Input data:
-=-=-

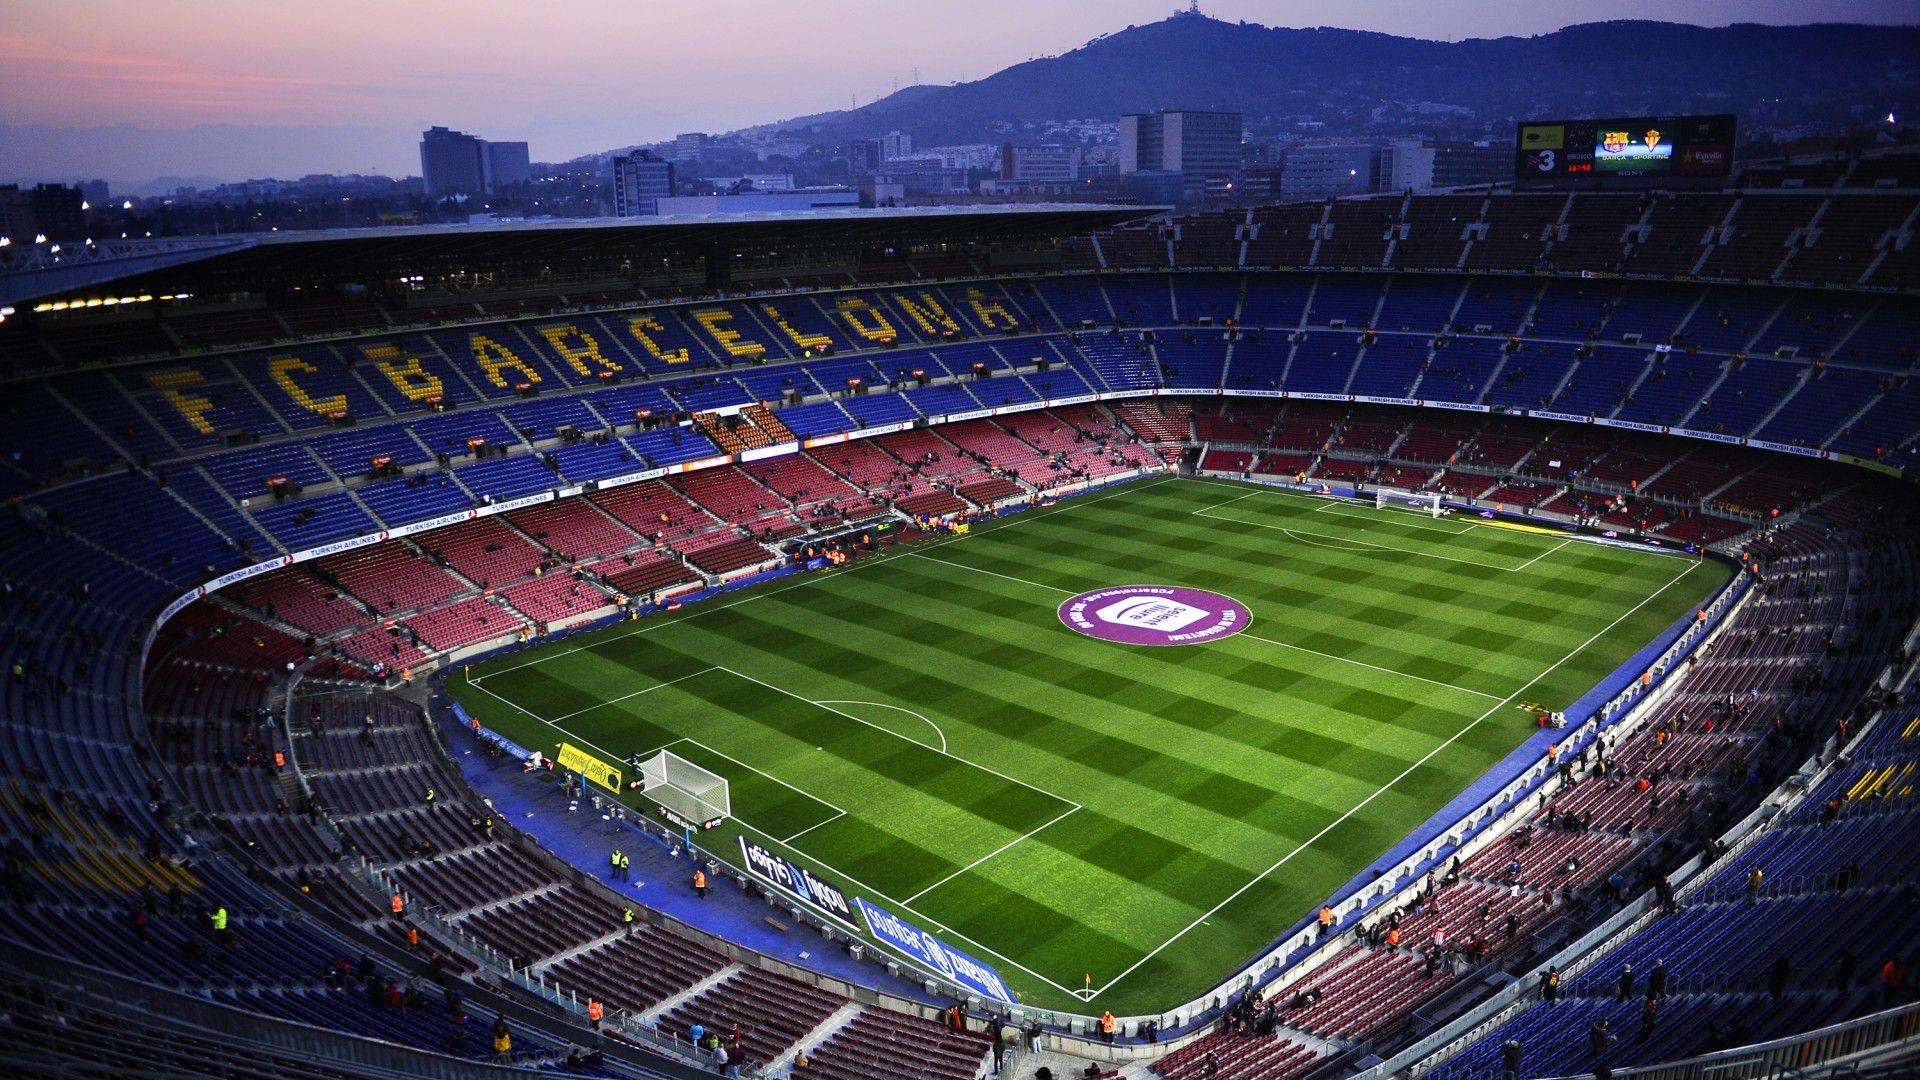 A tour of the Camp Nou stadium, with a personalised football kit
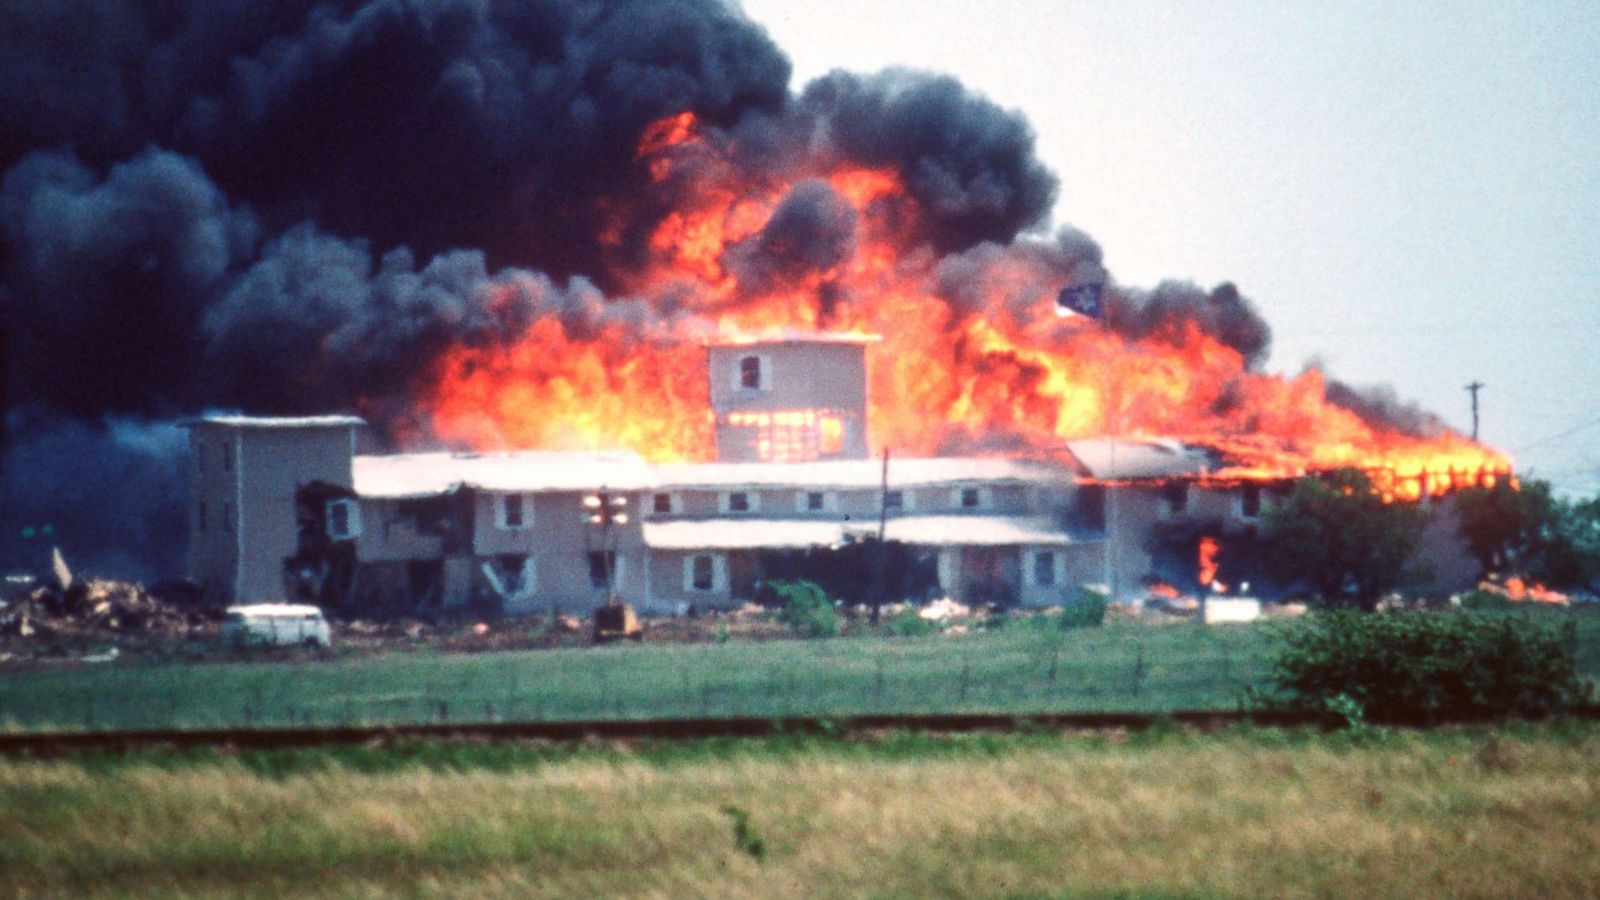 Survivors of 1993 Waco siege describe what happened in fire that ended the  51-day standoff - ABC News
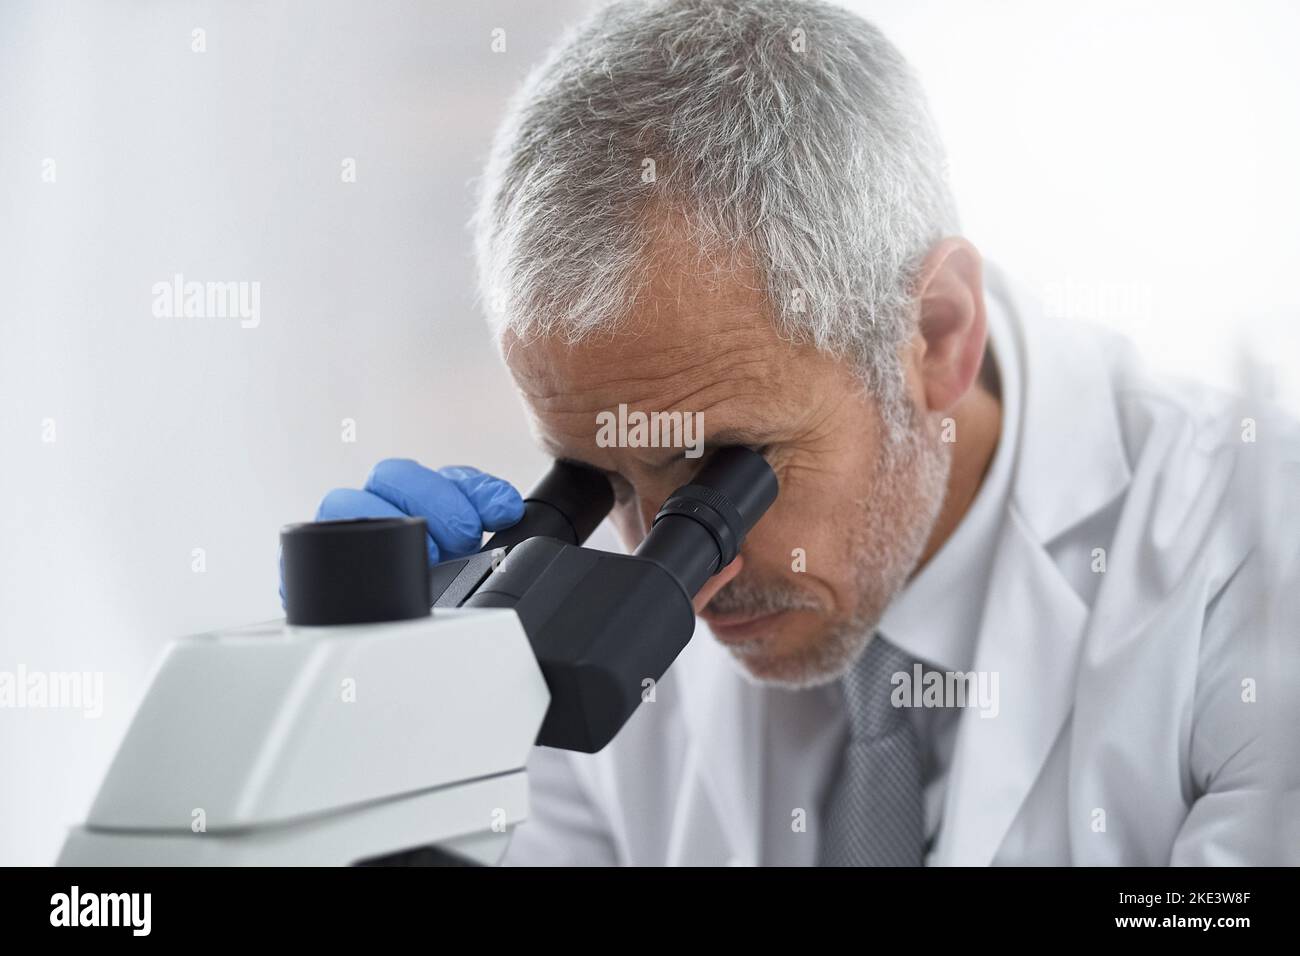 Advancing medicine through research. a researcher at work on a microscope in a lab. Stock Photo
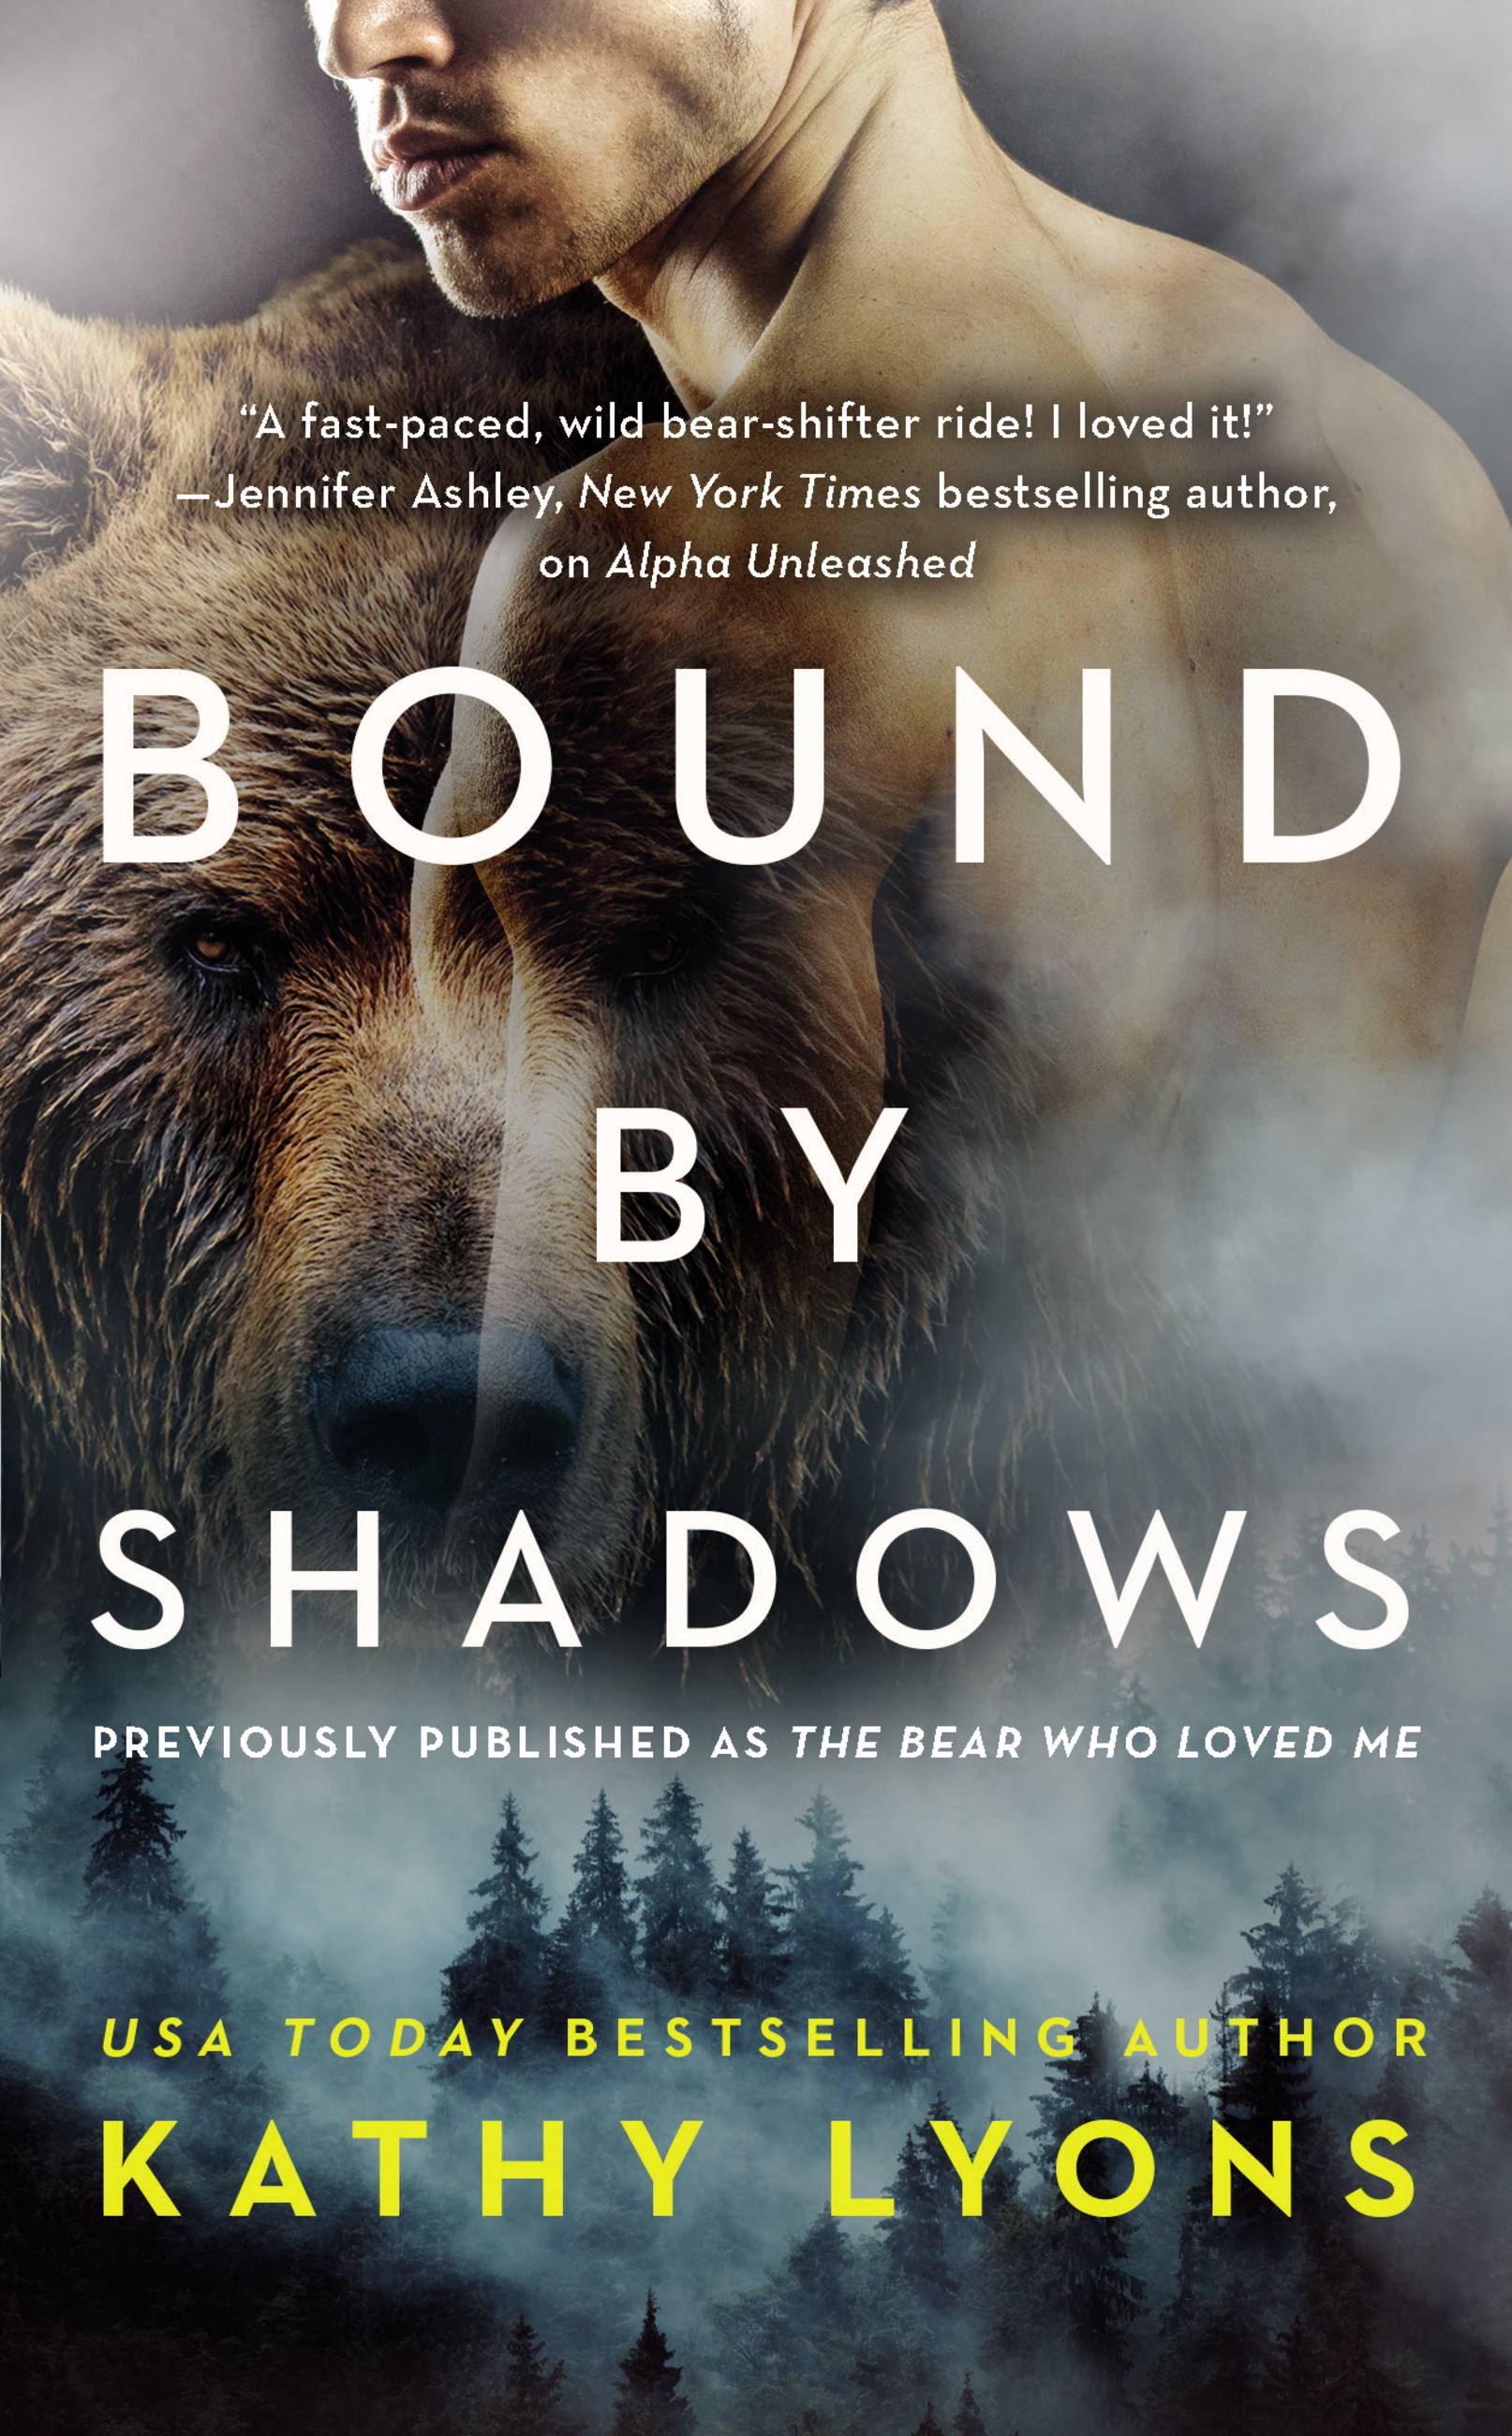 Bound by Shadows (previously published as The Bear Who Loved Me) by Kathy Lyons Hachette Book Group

-=-=-

Work task: Repeat each line of the material exactly, and drop any image it carries.

Answer to the exercise:
 A tour of the Camp Nou stadium, with a personalised football kit
 Survivors of 1993 Waco siege describe what happened in fire that ended the  51-day standoff - ABC News
 Advancing medicine through research. a researcher at work on a microscope in a lab. Stock Photo
 Bound by Shadows (previously published as The Bear Who Loved Me) by Kathy Lyons Hachette Book Group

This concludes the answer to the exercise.